== Segment start ==

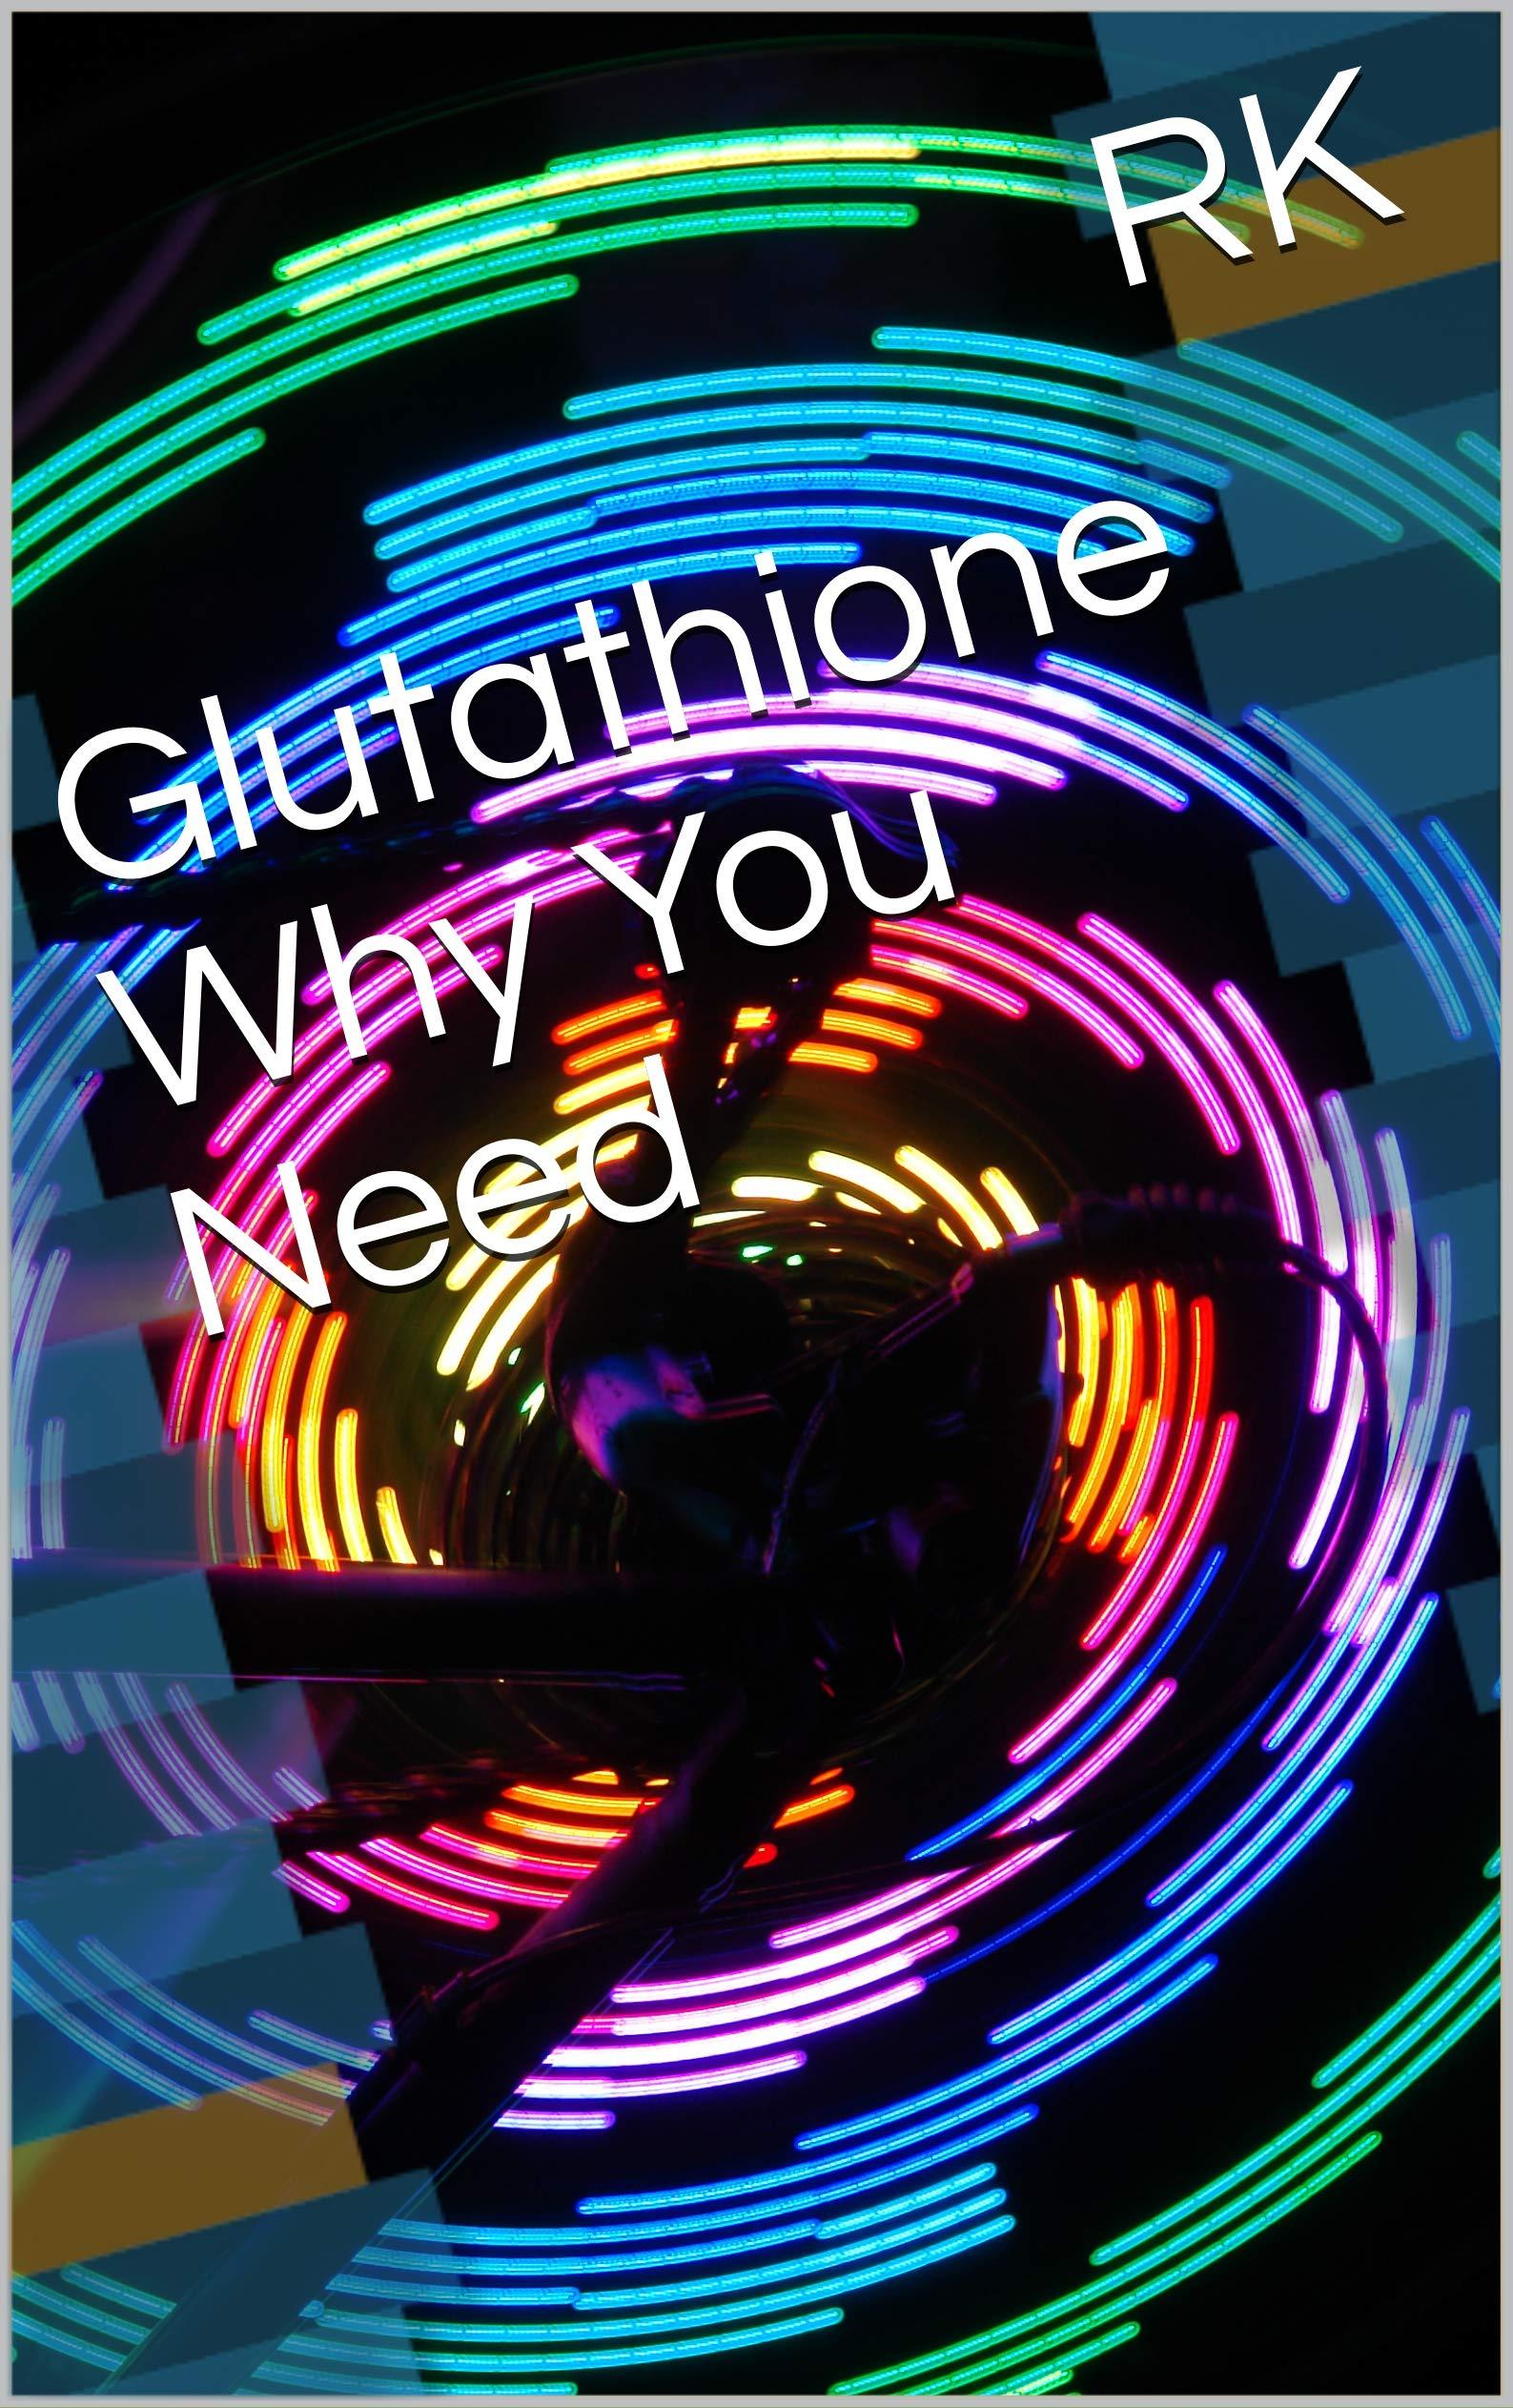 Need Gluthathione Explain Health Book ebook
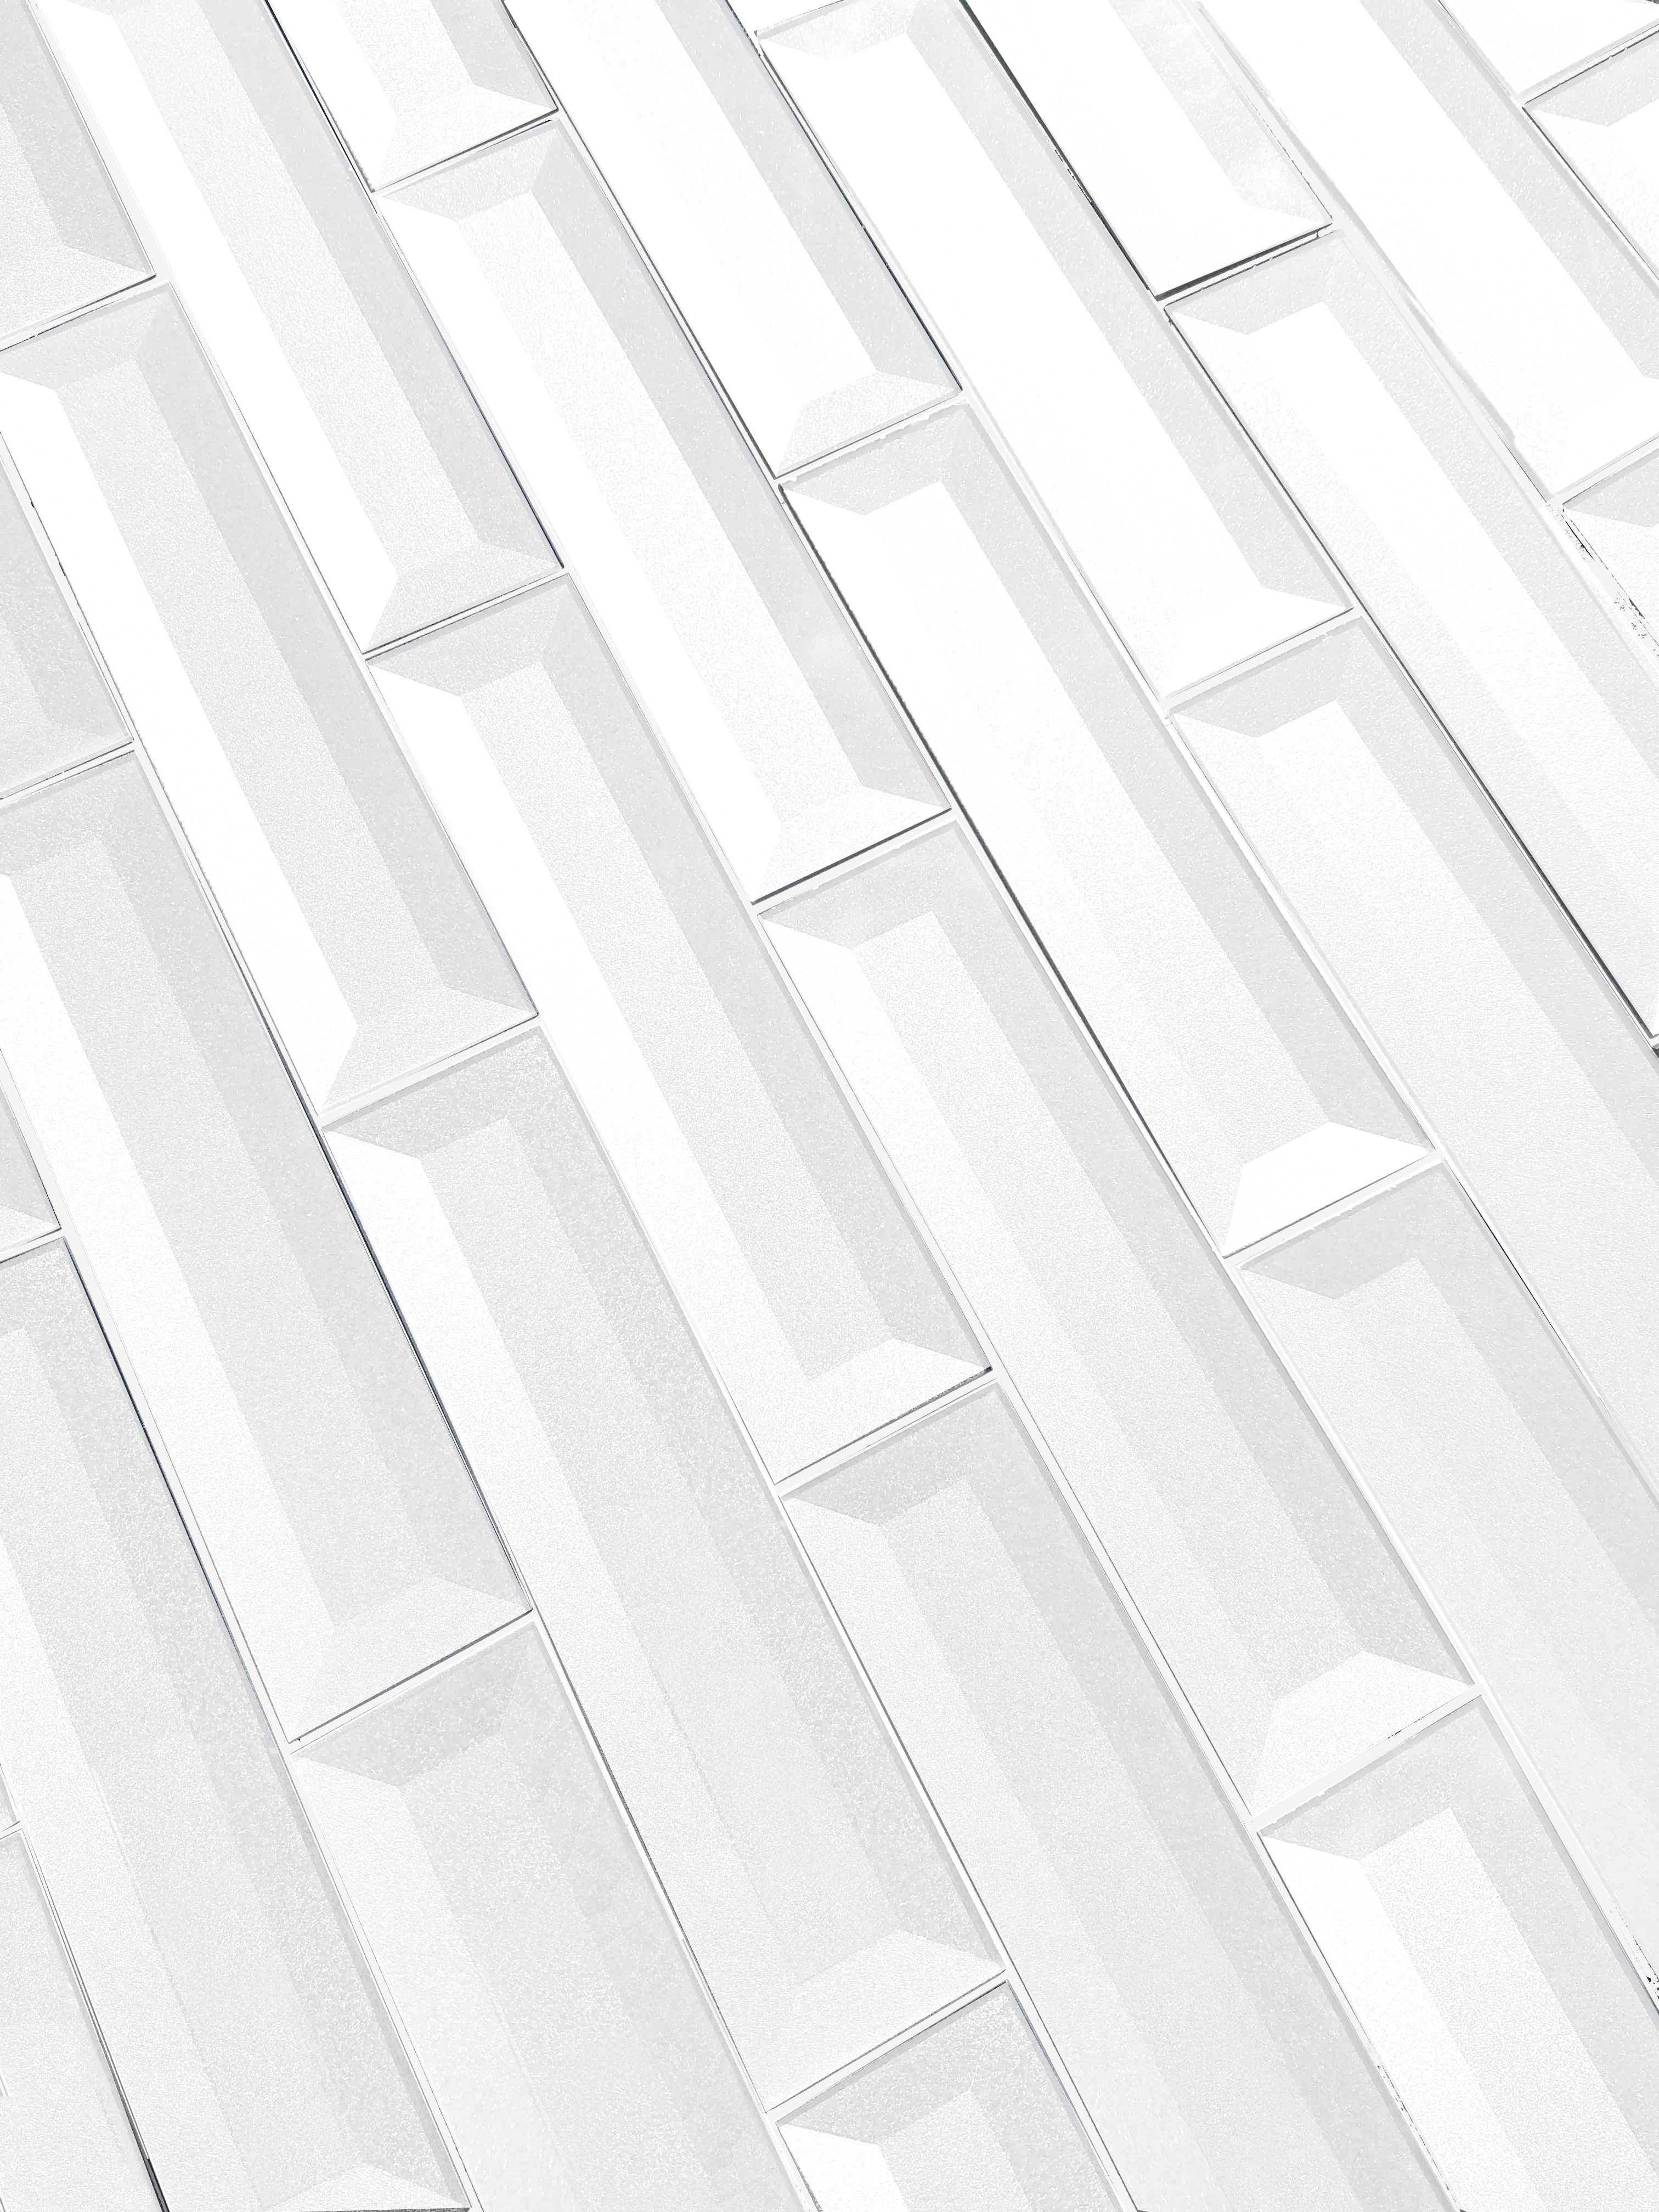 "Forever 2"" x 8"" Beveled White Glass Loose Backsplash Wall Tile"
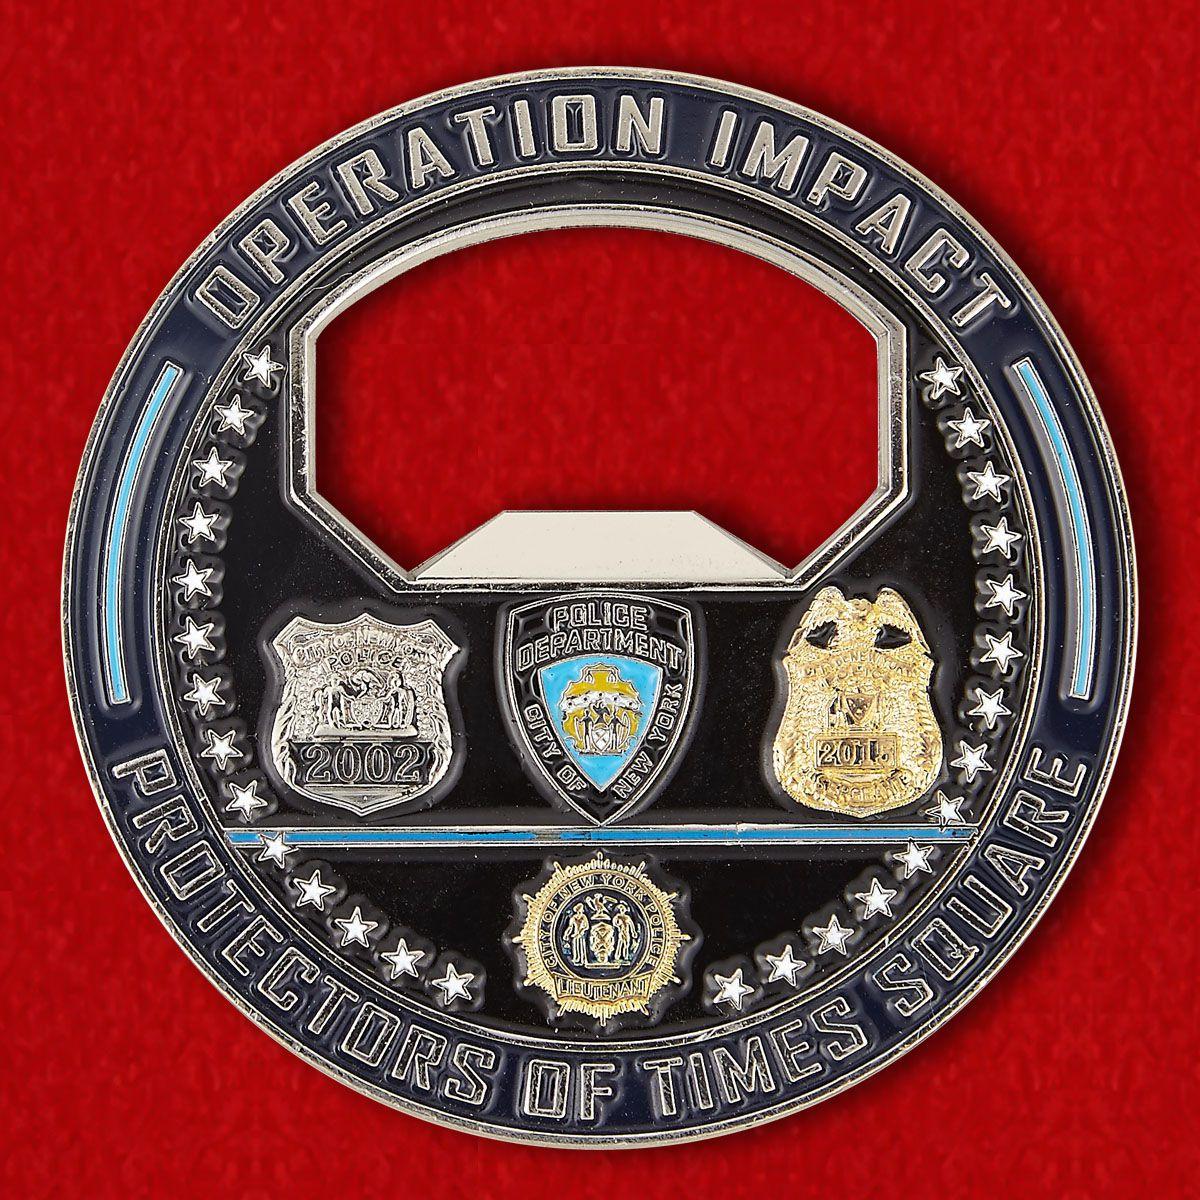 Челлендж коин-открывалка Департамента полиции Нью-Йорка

== Segment end ==

## ABOUT THIS TASK
Copy only the lines running from the one that holds "Beveled White Glass" through the last line of the data, and include both of those lines. Do not copy any pictures.

## TASK RESPONSE
 "Forever 2"" x 8"" Beveled White Glass Loose Backsplash Wall Tile"
 Челлендж коин-открывалка Департамента полиции Нью-Йорка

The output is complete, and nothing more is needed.